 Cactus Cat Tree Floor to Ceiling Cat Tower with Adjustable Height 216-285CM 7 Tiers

...

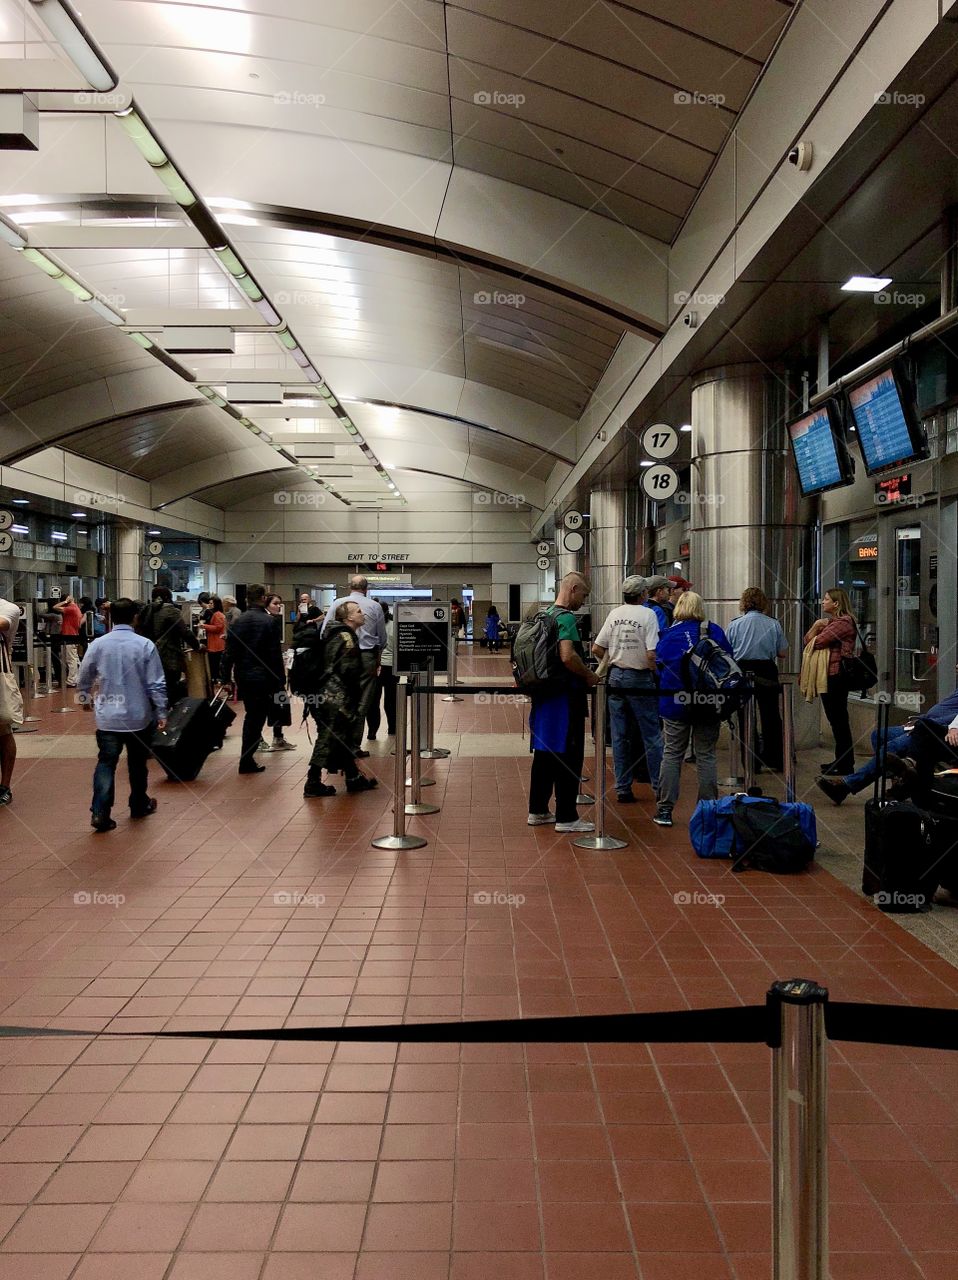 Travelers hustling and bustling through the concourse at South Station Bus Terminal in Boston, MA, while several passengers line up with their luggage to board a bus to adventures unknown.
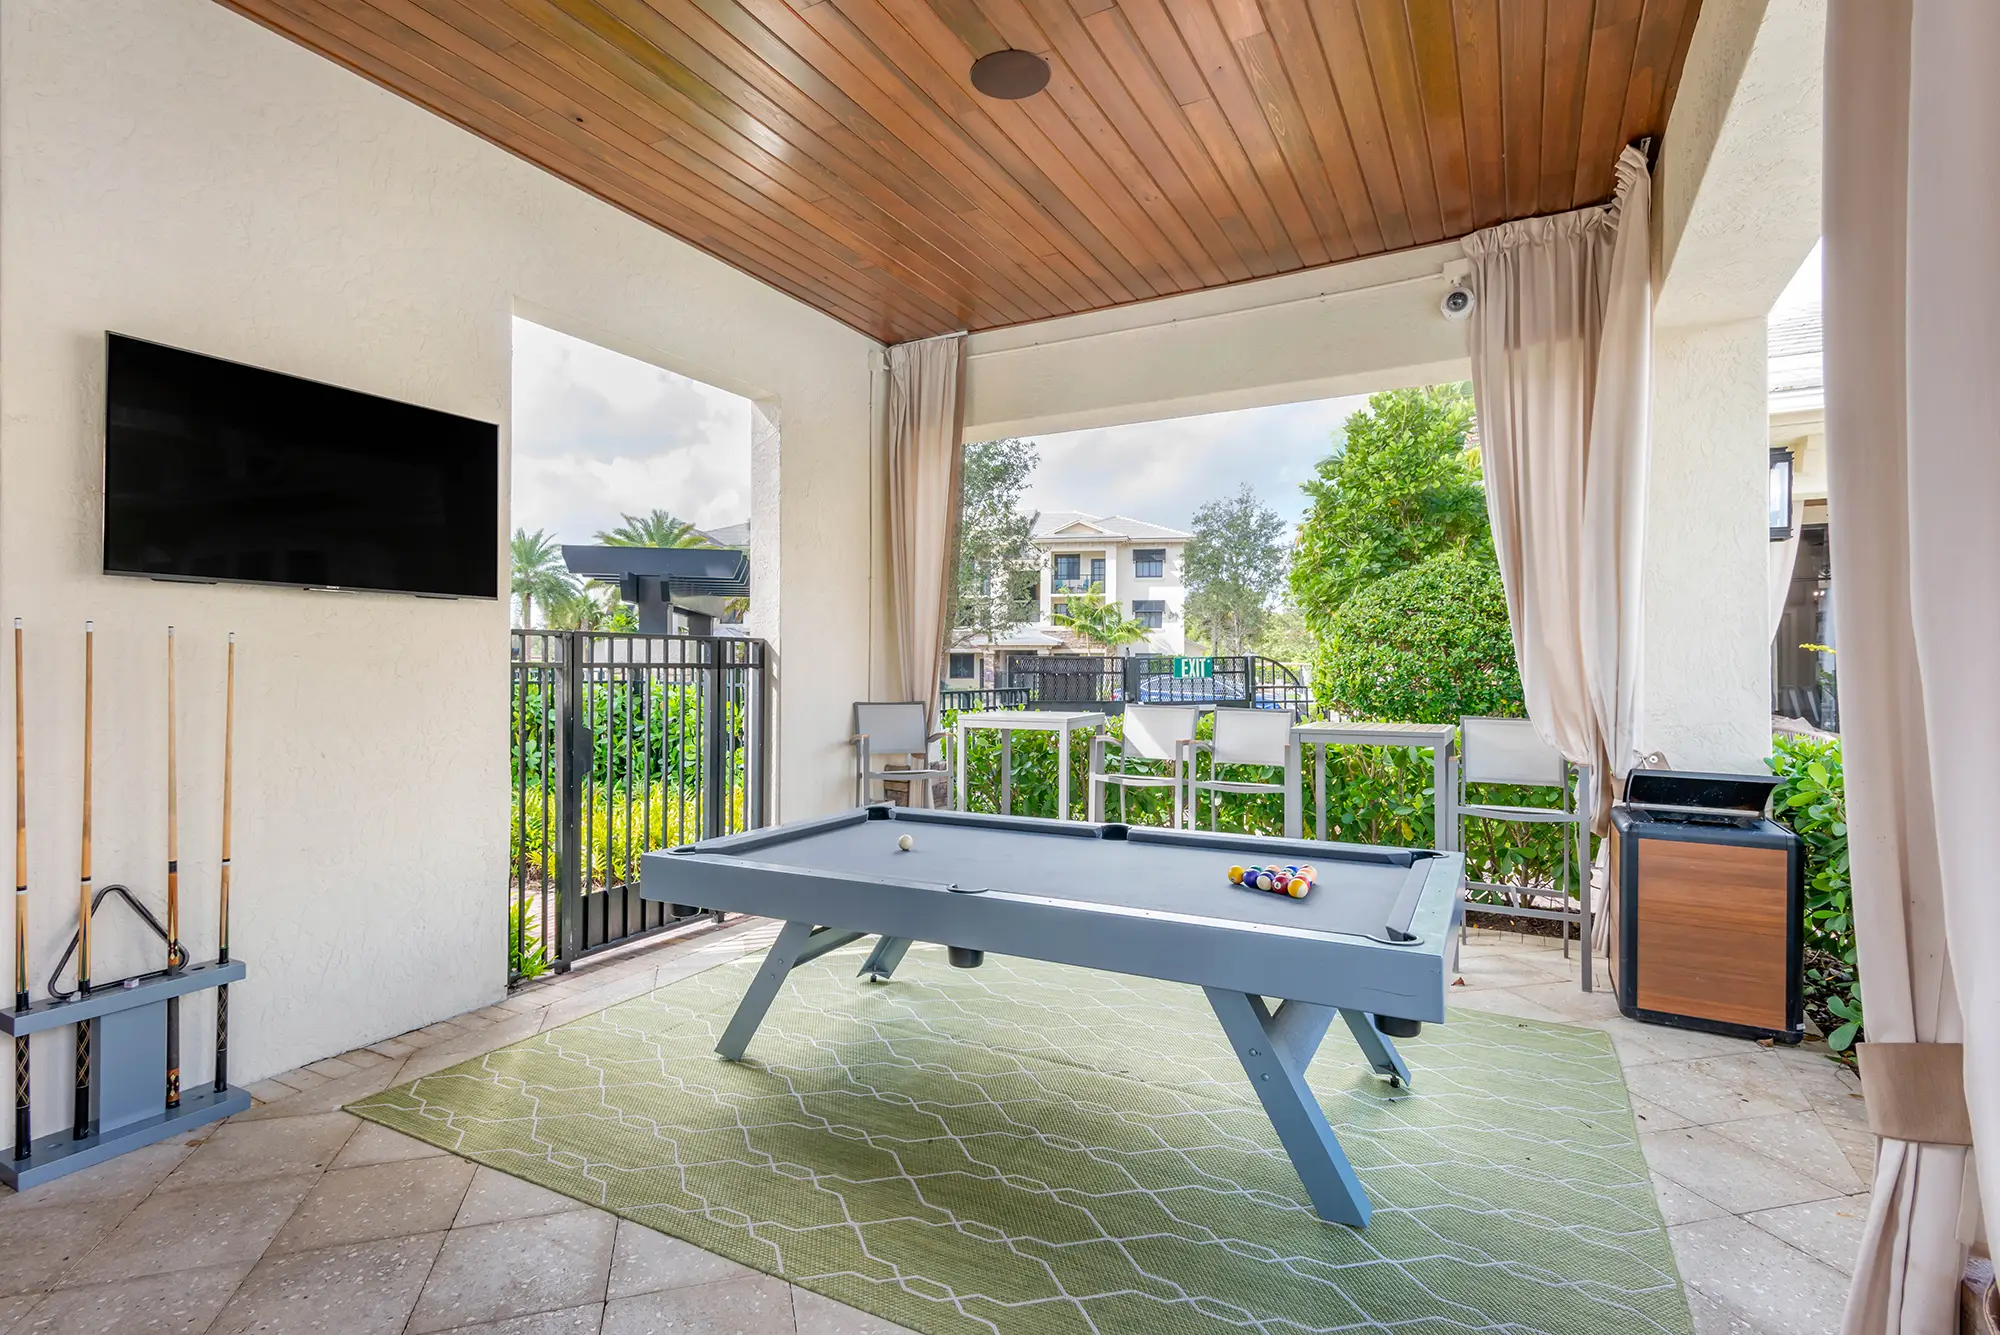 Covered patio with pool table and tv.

* * *

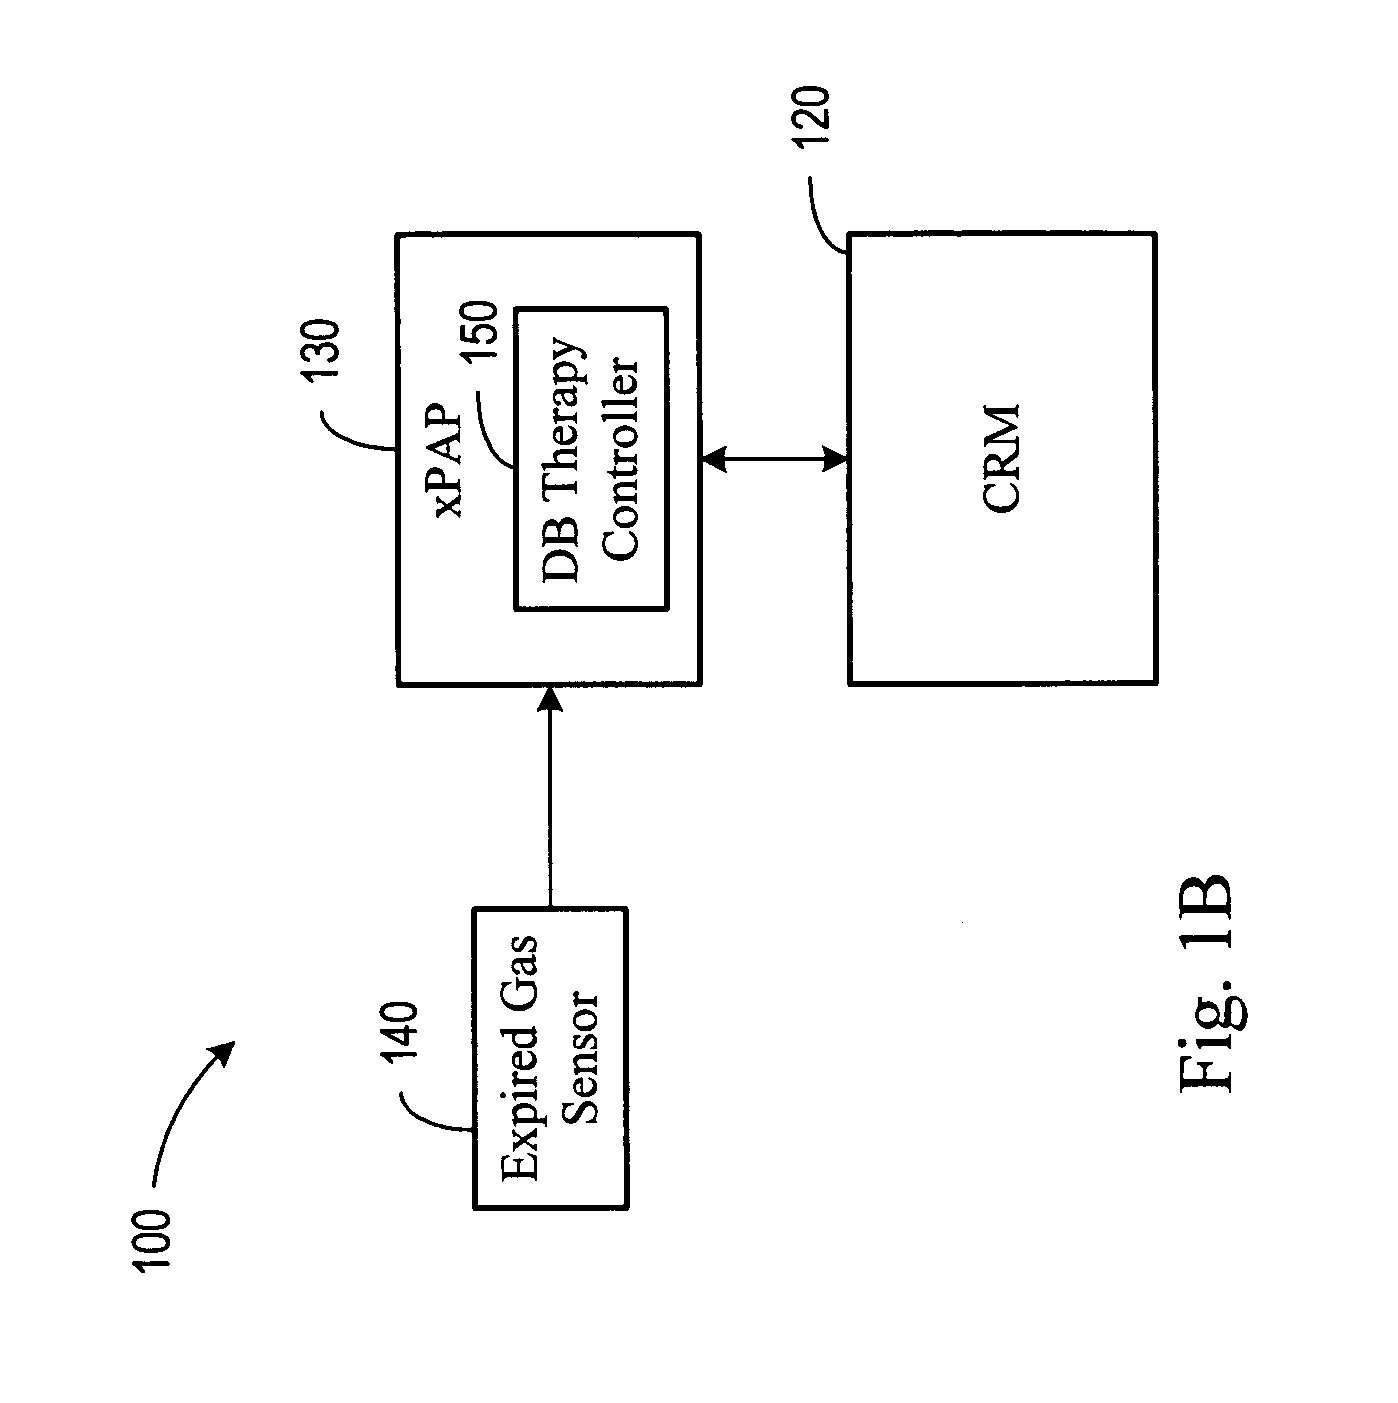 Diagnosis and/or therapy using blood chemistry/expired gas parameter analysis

Problem
Pictures excluded, give again exactly and only the lines of the material above from the line with "Travelers hustling and" through the line with "Covered patio with pool table and tv.".

Final answer
 Travelers hustling and bustling through the concourse at South Station Bus Terminal in Boston, MA, while several passengers line up with their luggage to board a bus to adventures unknown.
 Covered patio with pool table and tv.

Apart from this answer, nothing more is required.